When imaging patients for vasculitis, the goals are: (1) to determine if there is evidence of acute or subacute cerebral injury and (2) to assess the contour of the major intracranial arteries. An additional but still experimental goal is (3) to determine if there are areas of altered perfusion that suggest active small vessel disease. Standard MR images and diffusion-weighted imaging are used to detect and determine the age of parenchymal lesions. The 3-D TOF MRA helps evaluate the large and medium vessels. Perfusion-weighted imaging may detect regions of altered relative blood flow and blood volume.
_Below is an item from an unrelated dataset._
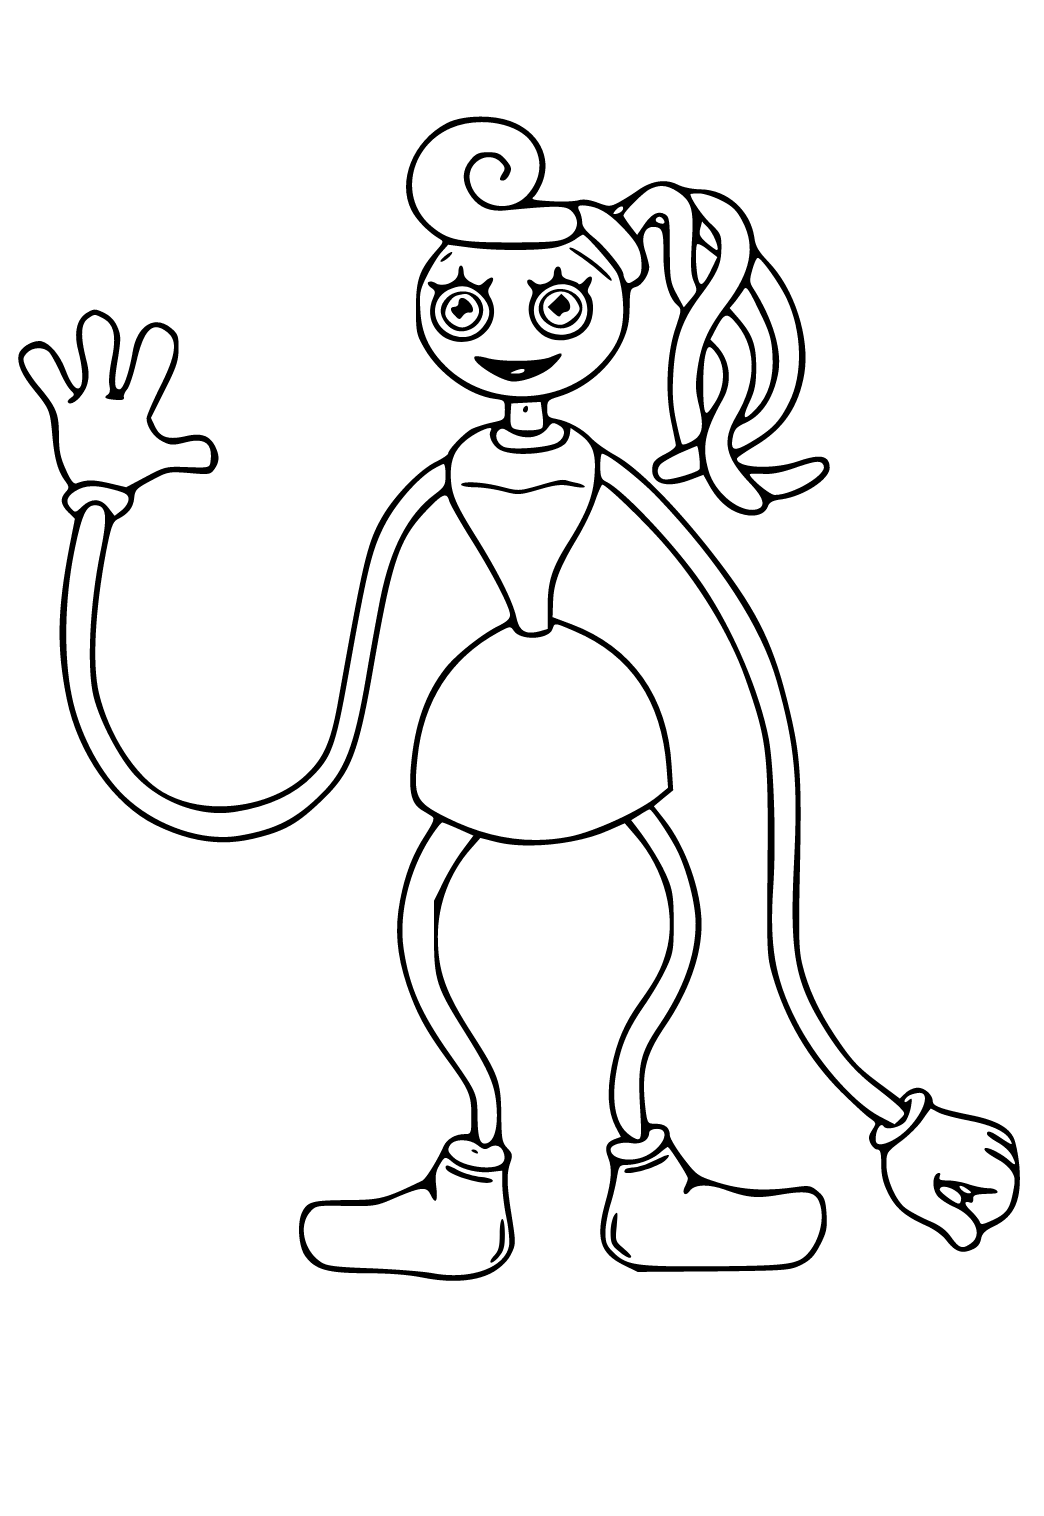 Free Printable Mommy Long Legs Coloring Pages, Sheets and Pictures for  Adults and Kids (Girls and Boys) 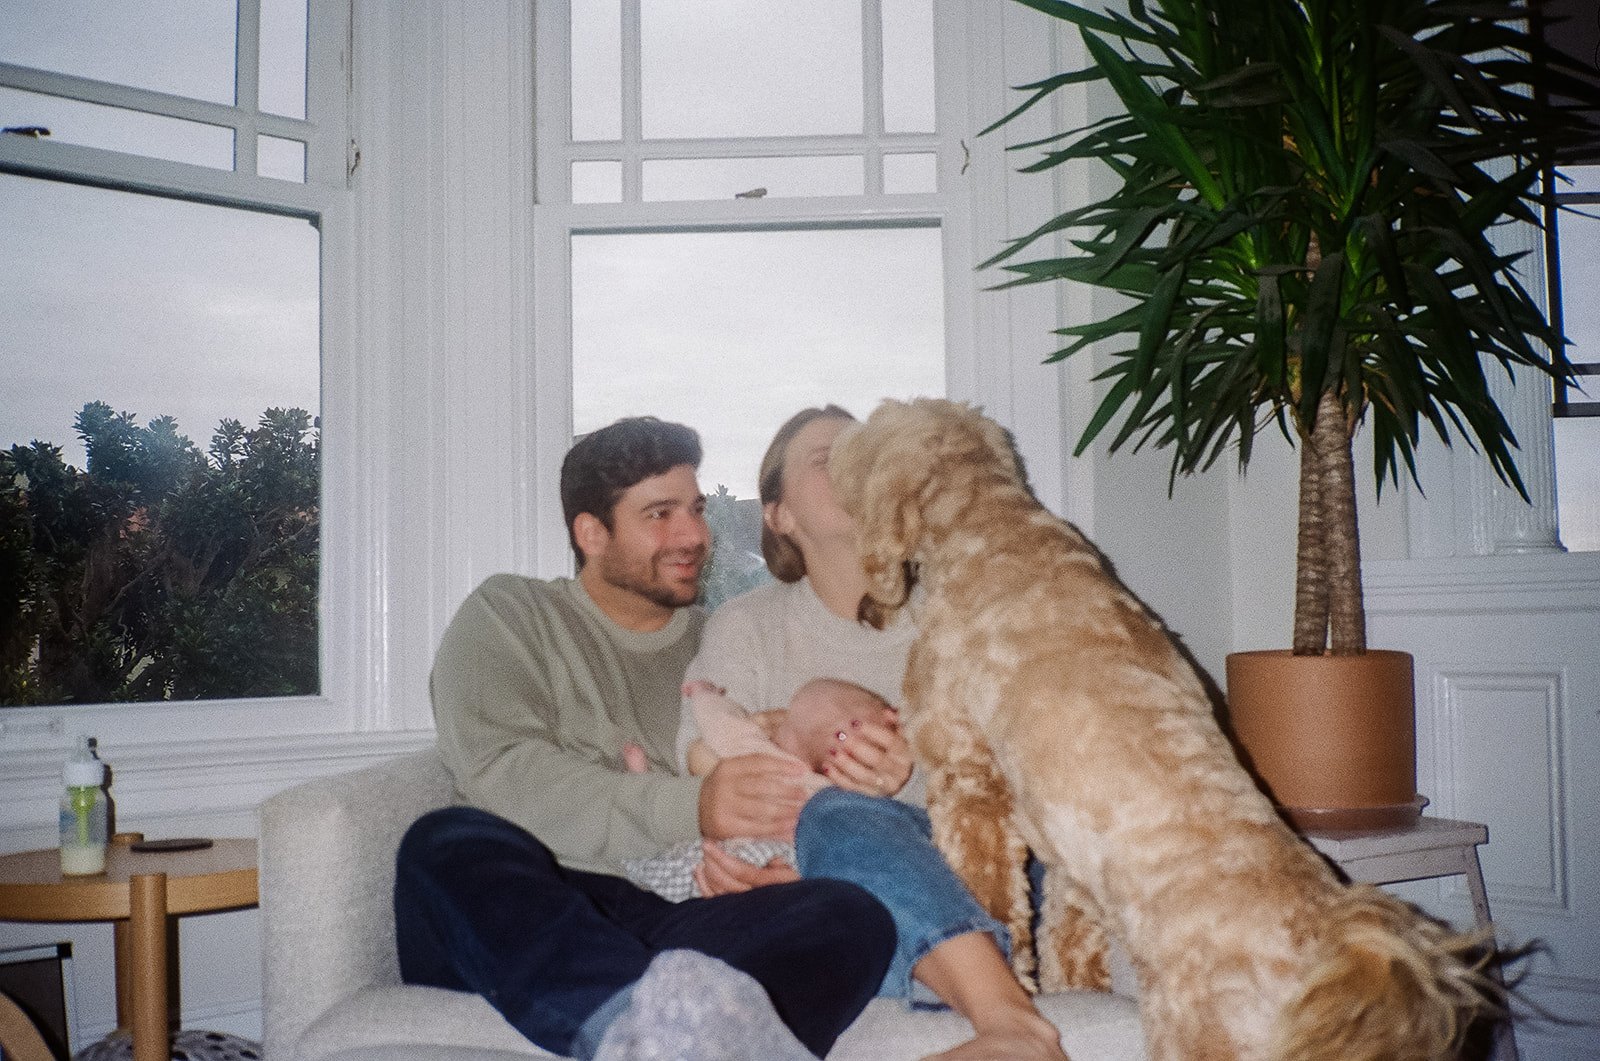 Family of three and their dog captured on 35mm film

This unit contains a basic protocol for the evaluation of stable patients as well as an alternative protocol for unstable patients.

当对血管炎患者进行影像学检查时,目的是:(1)确定是否有急性或亚急性脑损伤的证据;(2)评估颅内主要动脉的轮廓。另一个实验目的是(3)确定是否存在提示活动性小血管疾病的灌注改变区域。标准MR图像和弥散加权成像用于检测和确定实质病变的年龄。3d TOF MRA有助于评估大、中型血管。灌注加权成像可以检测到相对血流量和血容量改变的区域。本单元包含一个基本方案,以评估稳定的病人,以及一个替代方案,为不稳定的病人。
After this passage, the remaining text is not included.